The Commissions' justification for its finding that Ireland had given Apple a special deal, rather than just interpreting how its own tax policies might apply to Apple's situation, is basically this: We (and many other smart people) think Ireland's supposed interpretation of its own tax policies would make for really bad tax policies and (in combination with other Irish tax policies) lead to (what we'd consider to be) undesirable results. So, because we think Ireland's tax policies - as it claims to have interpreted them - are bad, we don't think Ireland actually would have interpreted them in that way. So it's lying when it says it did interpret them that way. To be clear, Ireland had the right to interpret them that way if it wanted to. We can't stop Ireland from, or punish Ireland for, having such tax policies. But it can't have actually had those policies which it claims it did. It had to have had the tax policies (as interpreted) which we think would have made more sense, and then given Apple special treatment contrary to them.

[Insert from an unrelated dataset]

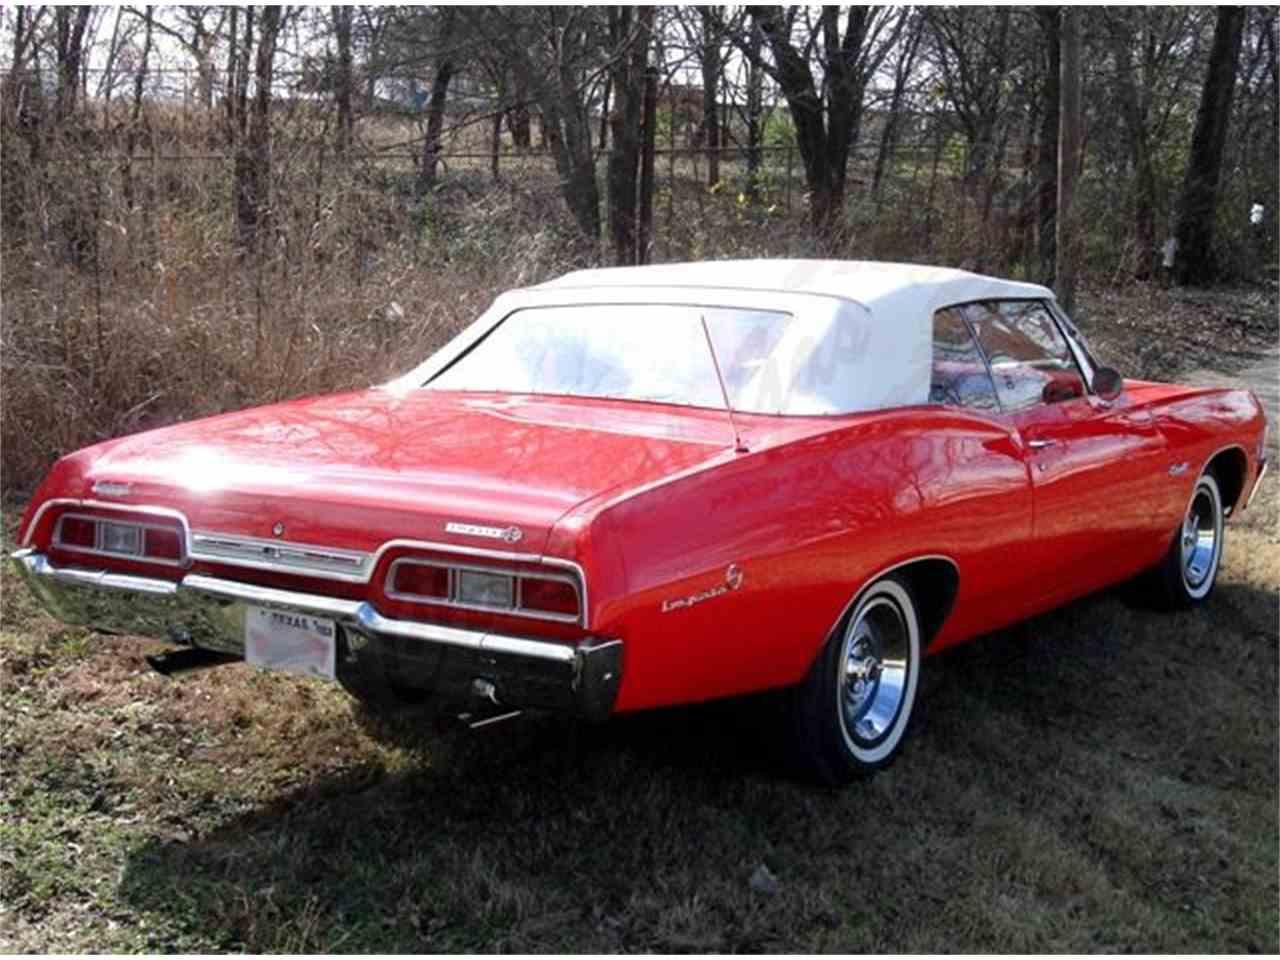 1967 chevrolet impala ss for sale cc 434710. Black Bedroom Furniture Sets. Home Design Ideas
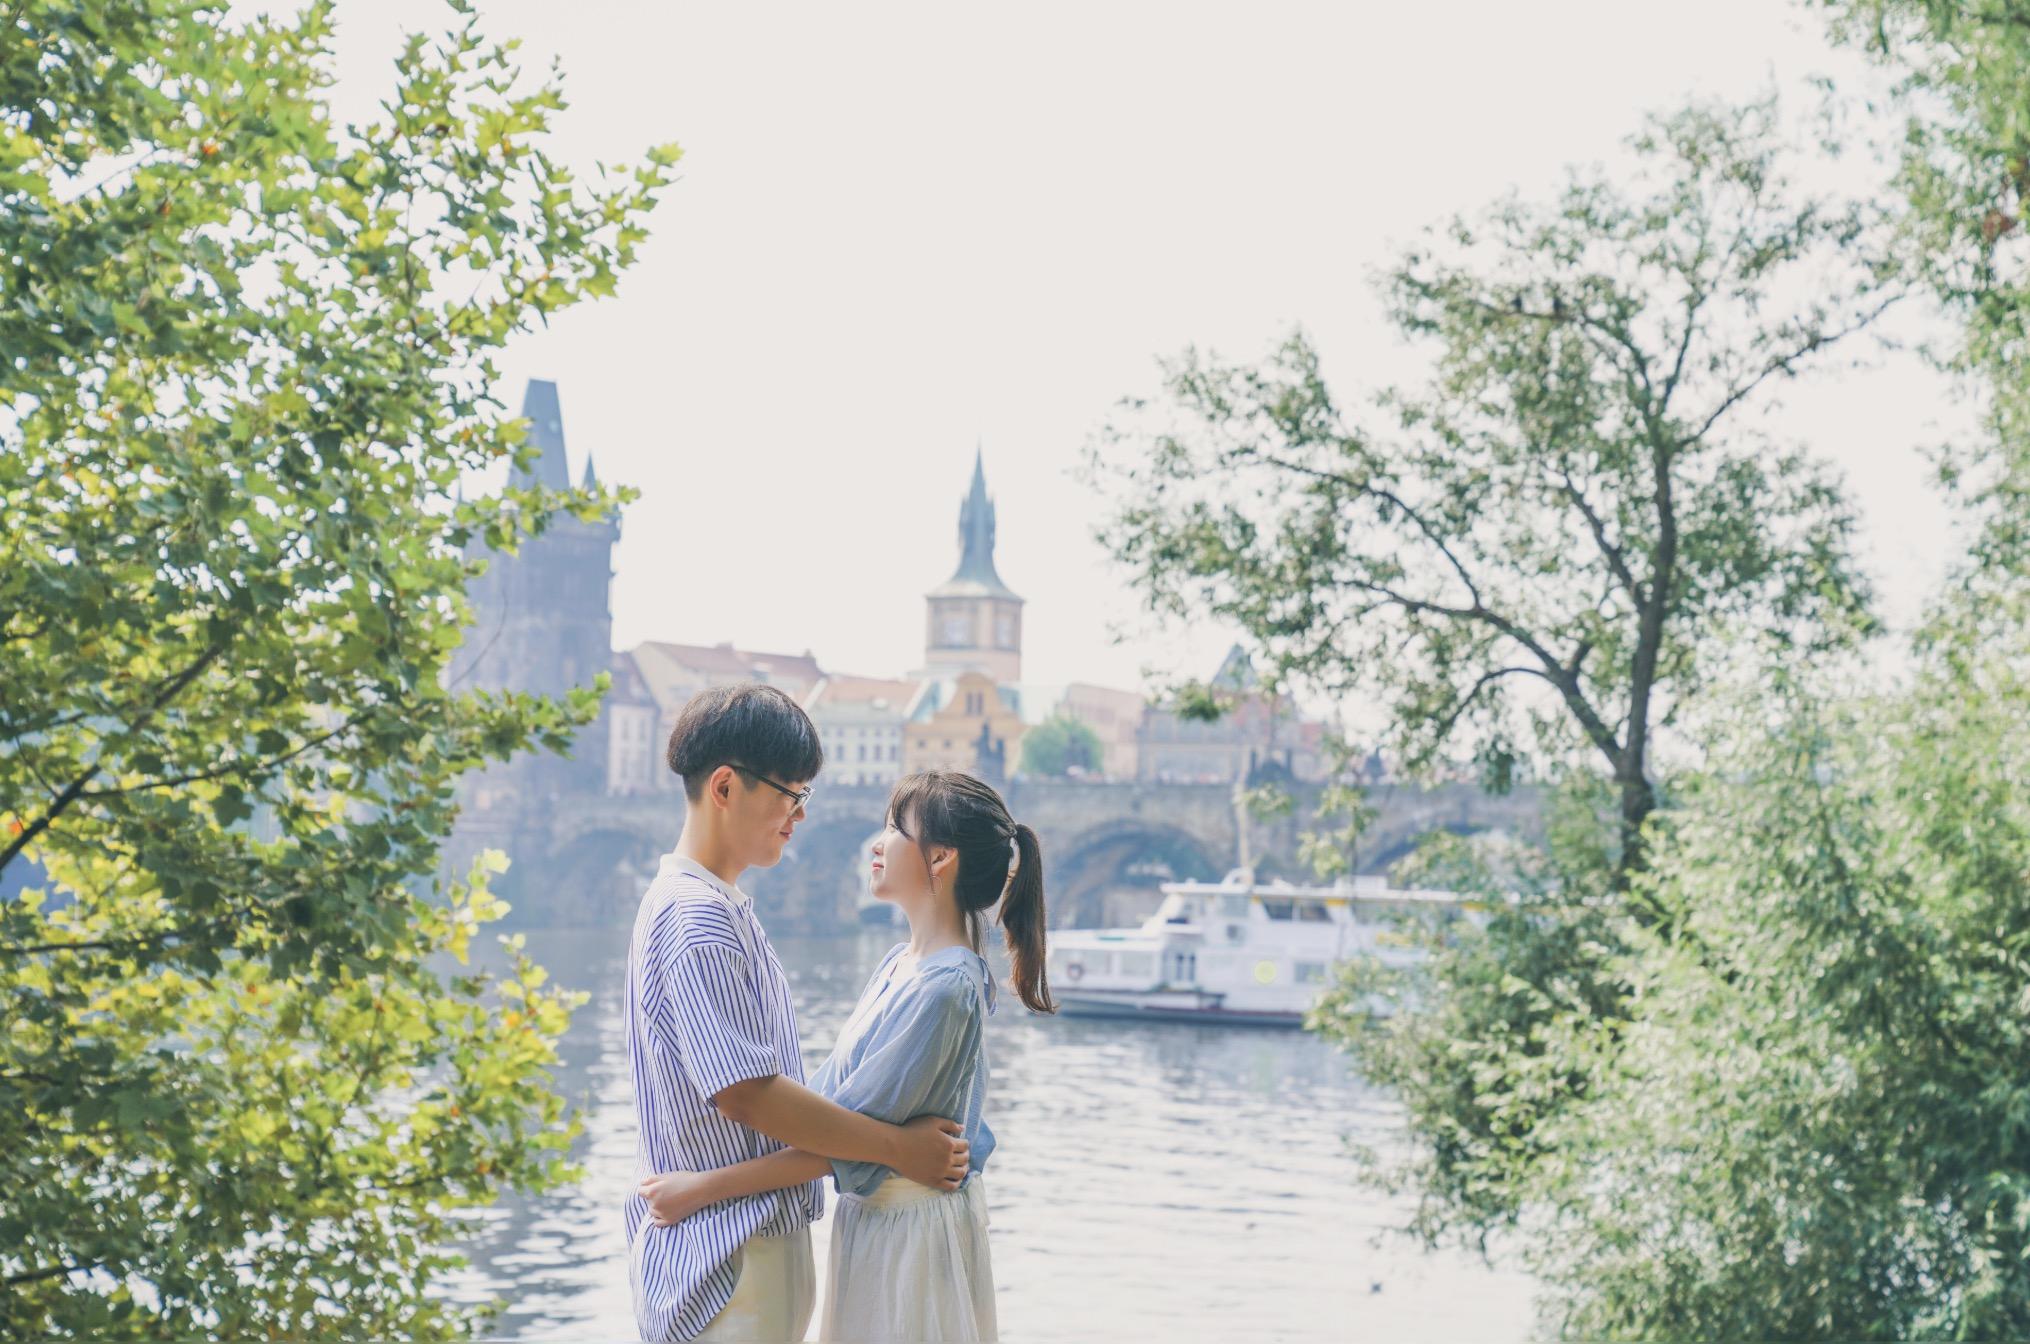 Sprazzi_Professional_Photography_Photographer_Prague_Czech-Republic_Irene_Original_40.jpg

That's it. The Commission, in essence, argued that Ireland wouldn't have interpreted its own tax policies the way Ireland claims to have because the Commission (and others) think that would have made for bad tax policies. Wahla! The Commission thereby demonstrated that Ireland was lying about its own interpretation of its own tax policies and had given Apple a special deal.
To quote an old Wendy's commercial: Where's the beef?
The answer is, there isn't any. The Commission didn't demonstrate that the accounting method Apple was allowed to use was contrary to Irish tax law and policy. It just pretended that it had demonstrated that.